The past year has meant MASSIVE changes in my life... Last november I left MJJF after spending up towards 15 hours a day working behind the scenes for 5 years. I got to know Trish, Chichi, Gary... the old modsquad. I loved everyone like my sister or brother - still do. I poured my heart into MJJF, but often times, good things come to an end, as did my time with MJJF - just as MJJF became MJJC. Maybe that's why I've never become a regular here... By now nobody probably even remembers I was here!

In Febuary I left my native country to work as a social worker for 6 months on the streets of Los Angeles.

For 6 months I lived under conditions that would shock the majority of people I know. I lived in a tiny room with another woman whom I did not know, and who was 20 years my senior. I ate in a cafeteria 3 meals a day, and the food was often either over-cooked or downright bad, but it was food - and free. Everything I used was worn down, wrecked or non-existant. The car I drove had to be started with a screw-driver and the door held closed with a bungee-chord.

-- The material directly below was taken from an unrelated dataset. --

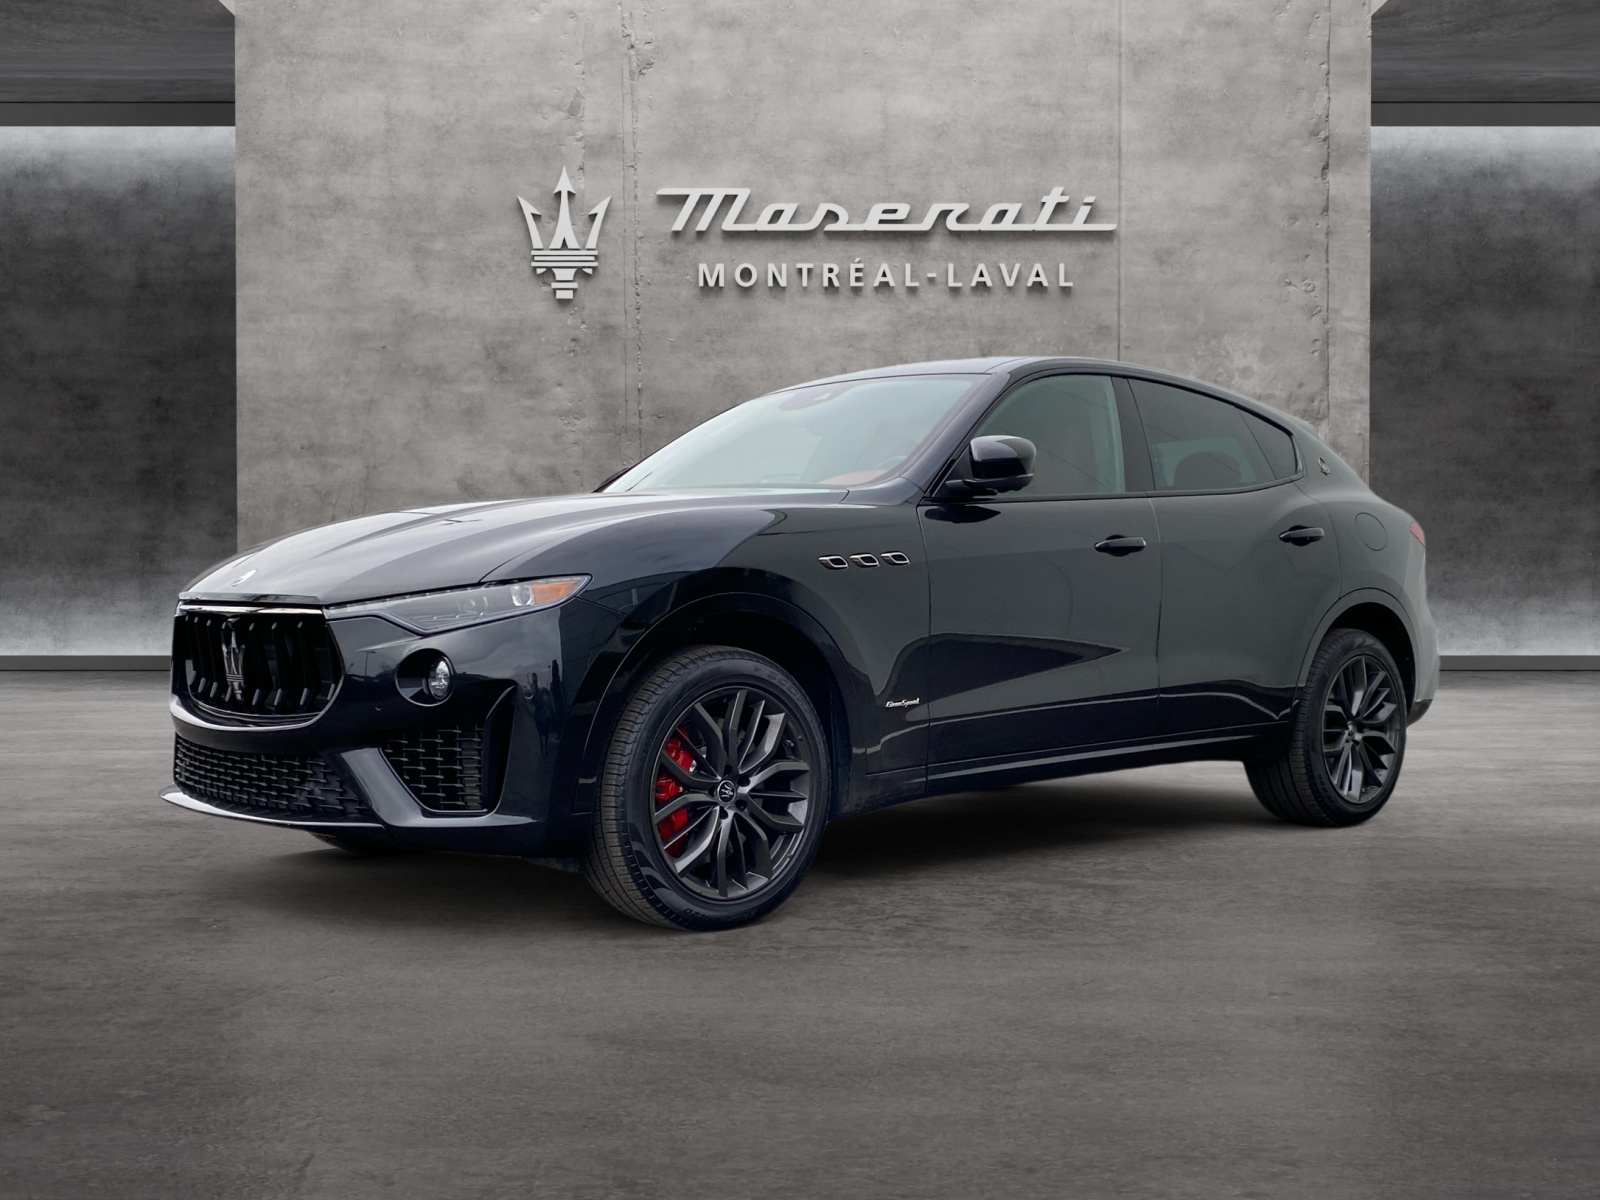 2020 Maserati Levante 1449$ plus applicable taxes 36 months Lease

I worked part-time as a outreach worker, sitting on street-corners and beaches trying to reach out to all those people you pass on the street and never even see. Often times we didn't have enough money or food to do this properly, so it was first-come-first serve... We would go out on Venice Beach where there are HUNDREDS of homeless people, and we'd bring 50 sack lunches... We would maybe have 24 bottles of water, and too bad if you were number 25. We met people shivering because it was 60 degrees out, and all they had were a pair of shorts and a tank-top, and we had no blankets to give them. No room in the car to take them back with us to give them new clothes.

Part time I worked in a shelter for women who are homeless, drug-users, victims of any kind of abuse, and most of them have had their lives shattered into pieces with no way out. We would try to teach them that regardless of what they've done, someone still loves them. I loved them. With every ounce of me, those girls became my everything.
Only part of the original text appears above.